Vibrant ruby red. Aromas of intense mixed berry compote, with fragrant spice, and floral notes.
A palate of red and black fruit purity, supported by fine tannins structure, providing a wonderfully textured and long finish.
Produced from grapes grown at Pipers Brook and at Strathlynn
on the west bank of the Tamar River, 70km away. Northeast sites, close
to Bass Strait, are subject to strong maritime influences. Hillside slopes in
the Tamar Valley offer vines some protection from prevailing westerly
winds, promoting warm, settled and relatively dry growing conditions.
Sites around Pipers Brook feature Ferrosol (volcanic) soils, while those in the Tamar Valley are Vertosol (black cracking clay) soils. Both soil types have excellent water-holding capacity, offering a steady supply of moisture and nourishment to the vines throughout the growing season. Pioneering clonal selection and mass selection sites of vines ageing up to 40 years consistently provides concentration and depth of character. Vines are grown on Vertical Shoot Positioned (VSP) trellises, which help to expose bunches to the sun, thus achieving full ripeness with well-balanced flavours and fine, ripe tannins. All fruit is picked and sorted by hand.
Naturally chilled grapes were hand-picked in the cool of the morning and delivered straight to the winery where they could be placed in cool room to maintain cool temperature. The bunches were then gently destemmed, keeping the whole berries intact, into small open fermenters along with a 5% whole bunch inclusion.
The must was left to cold soak for several days prior to fermentation. To enhance complexity wild yeast were left to initiate fermentation prior to inoculation with cultured yeast once a cap had developed. A combination of hand plunging and pump overs were employed over fermentation to carefully manage tannin extraction from grape skins and allow for aeration as desired.
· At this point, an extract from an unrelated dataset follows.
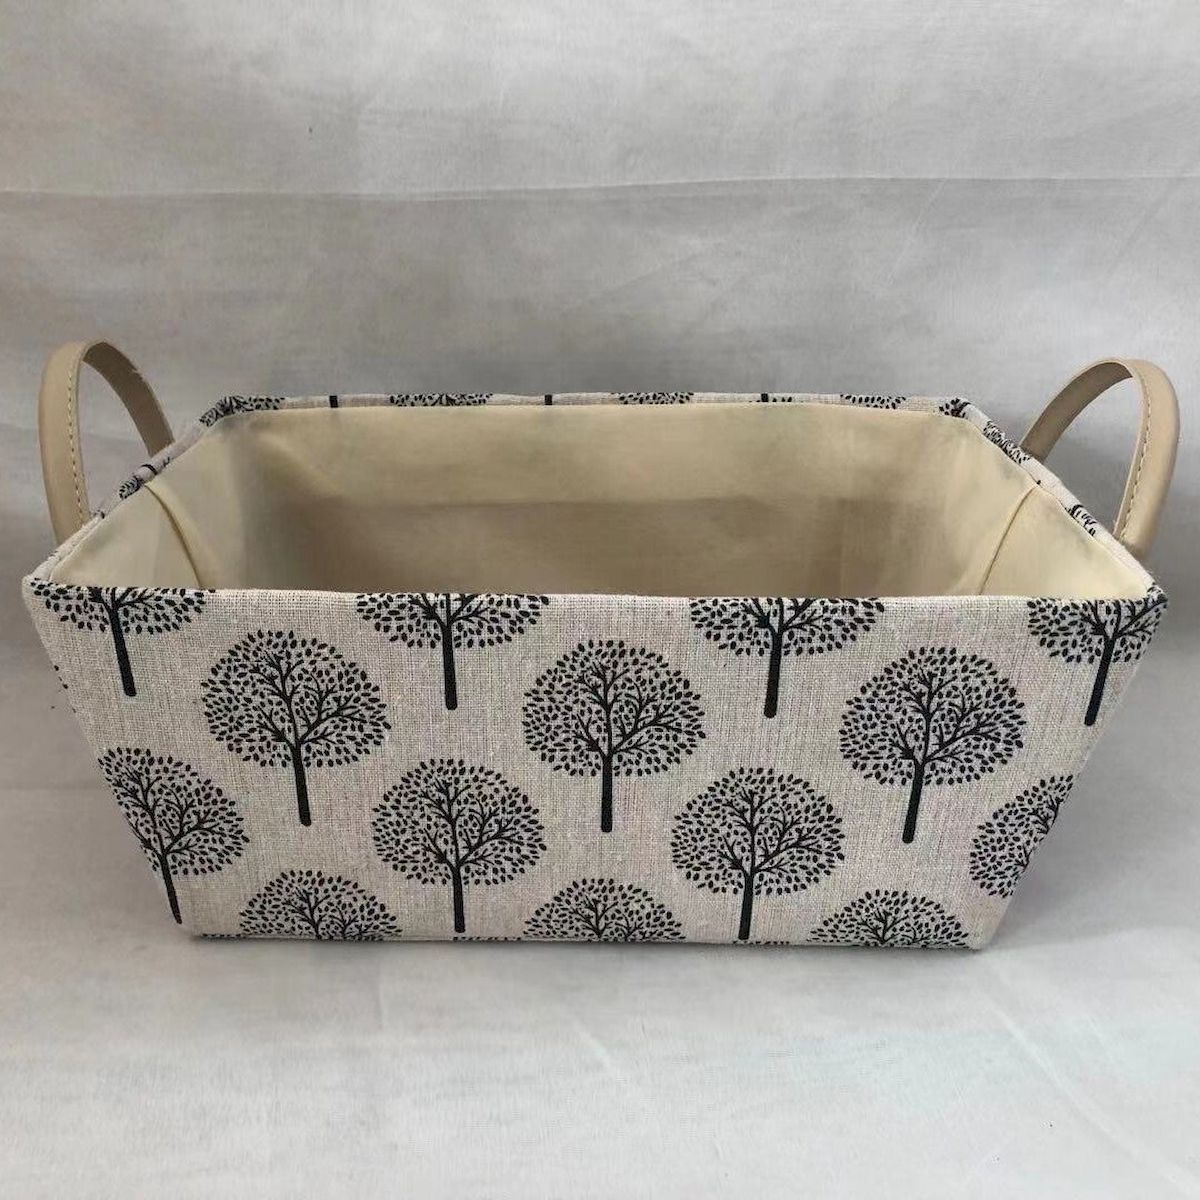 Picture of Mr. MJs Trading AI-2250-209 Cream with Black Tree Pattern & Faux Leather Handles Fabric Basket
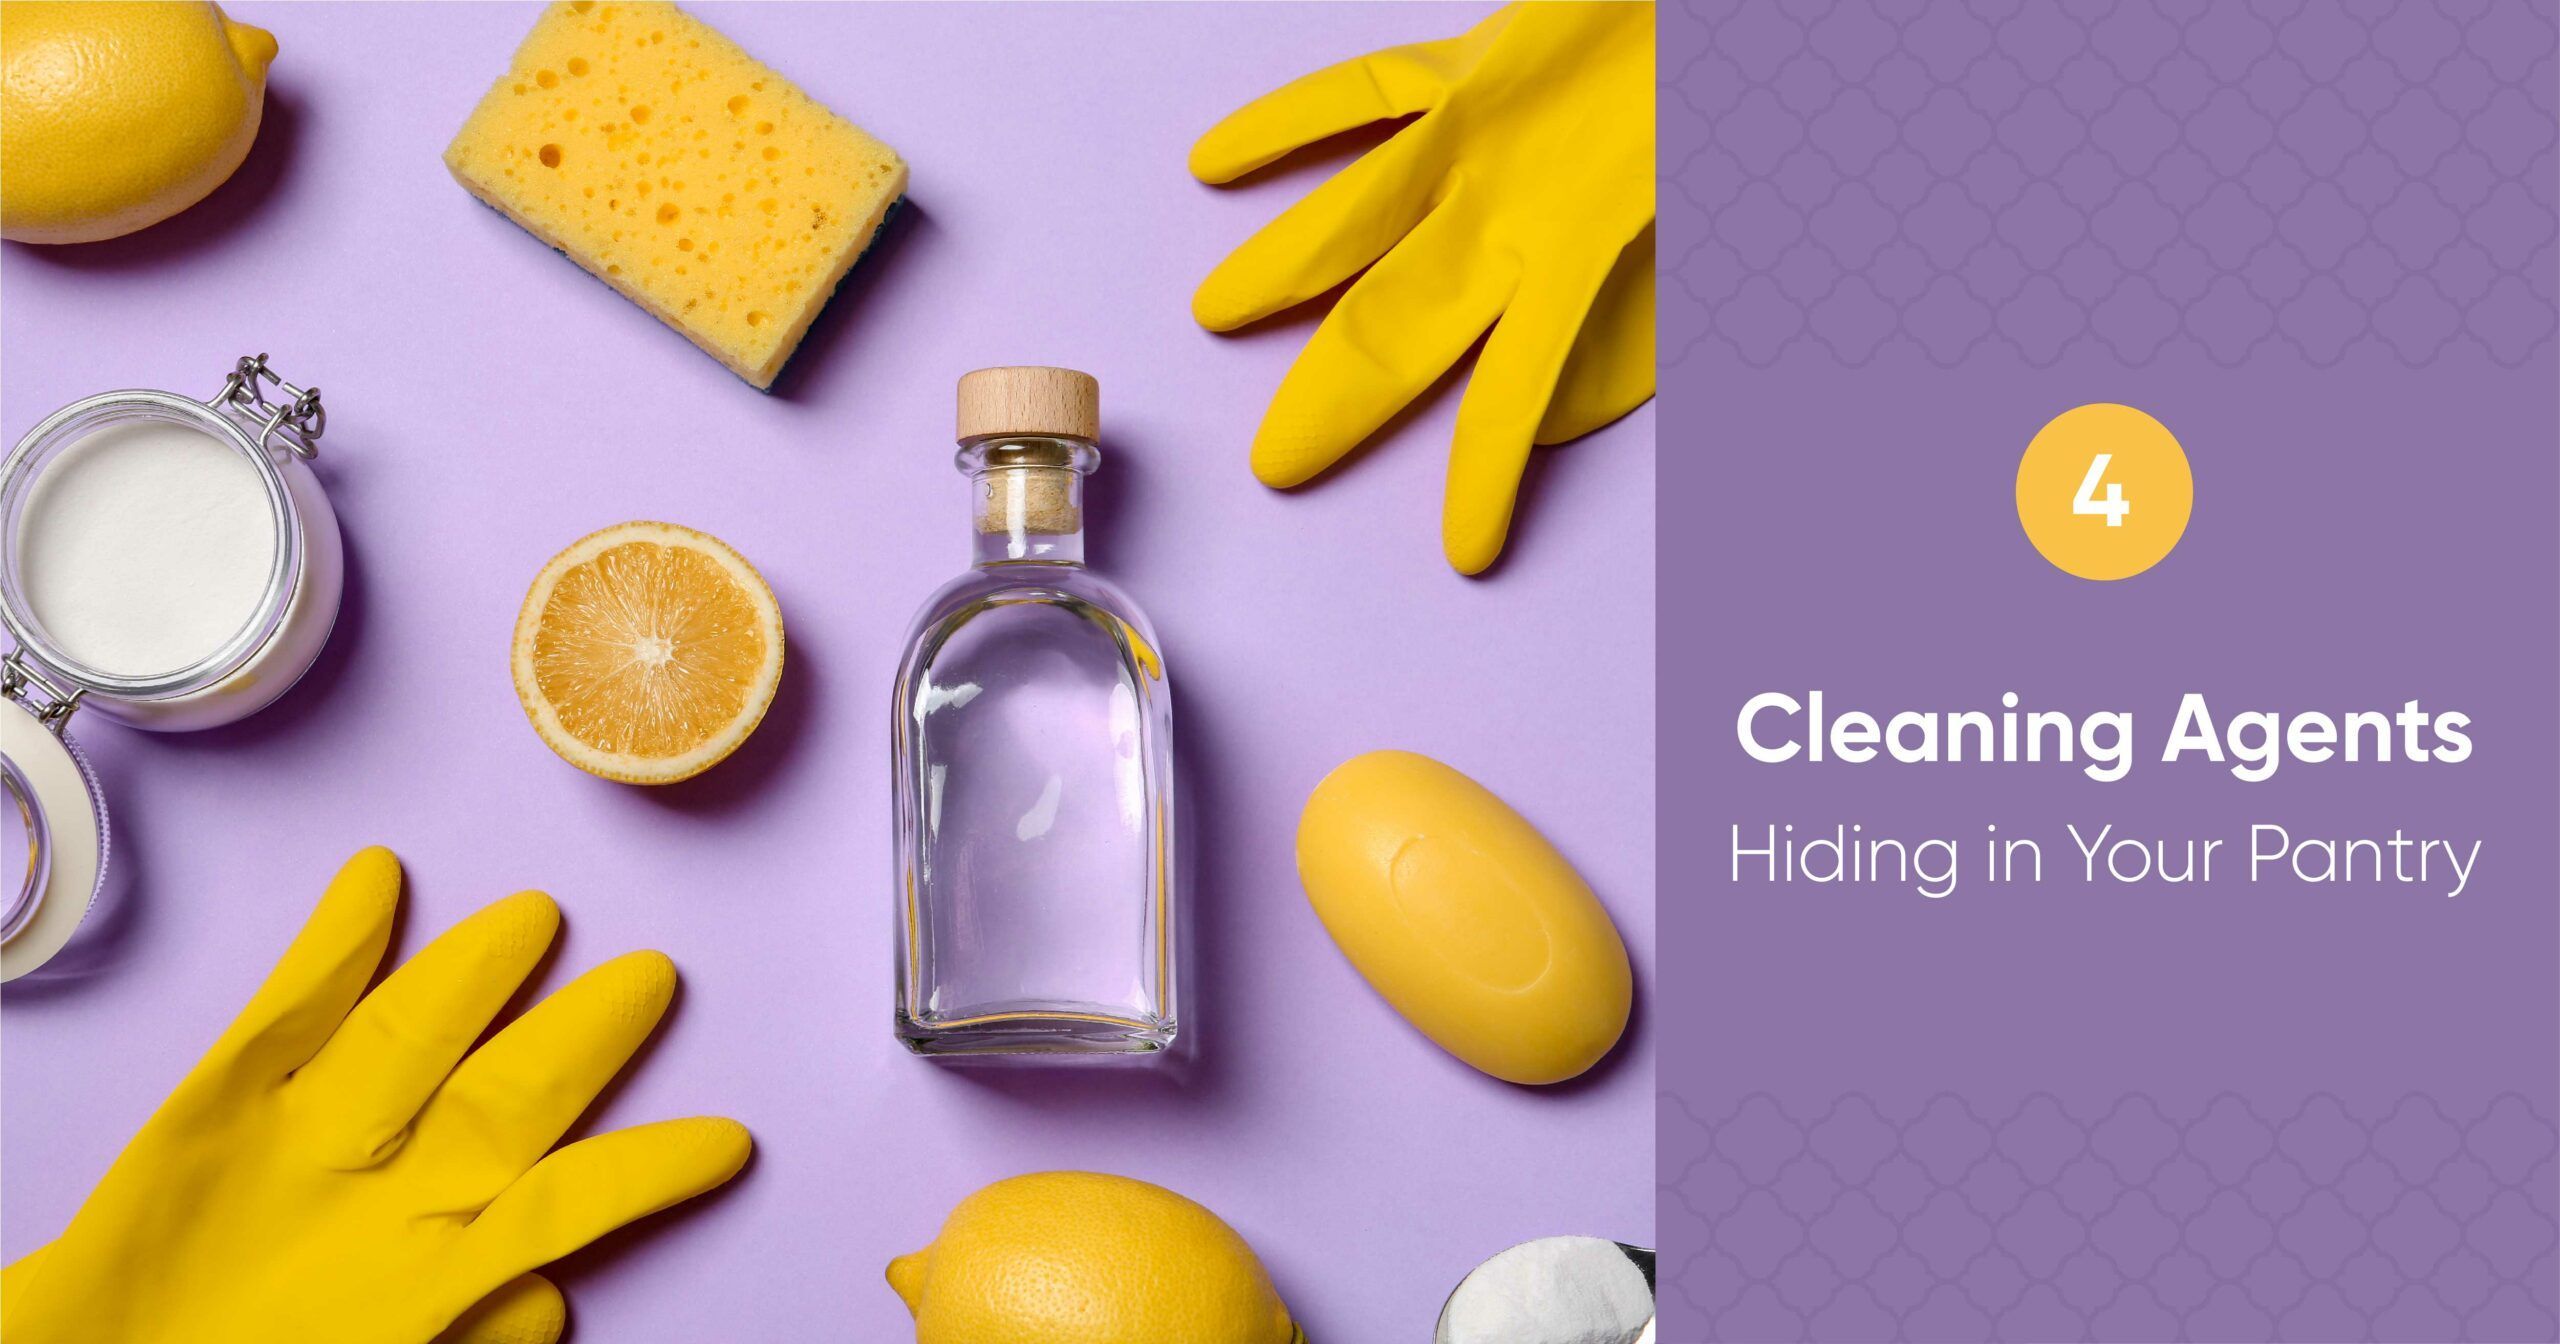 Keep it Simple With These Cleaning Solutions!

Ferments were gently pressed in a combination of basket press and small bladder press to ensure minimal maceration of the skins and seeds. The wine was then racked off solids to a mixture of French oak puncheons and barriques (25% New) where the wines went through malolactic fermentation and maturation in oak for 9 months prior to bottling.
A warm and dry vintage, with cold nights and bright sunny days; providing perfect growing conditions for Pinot Noir. Great tannin ripeness coupled with fruit intensity mark the 2019 vintage.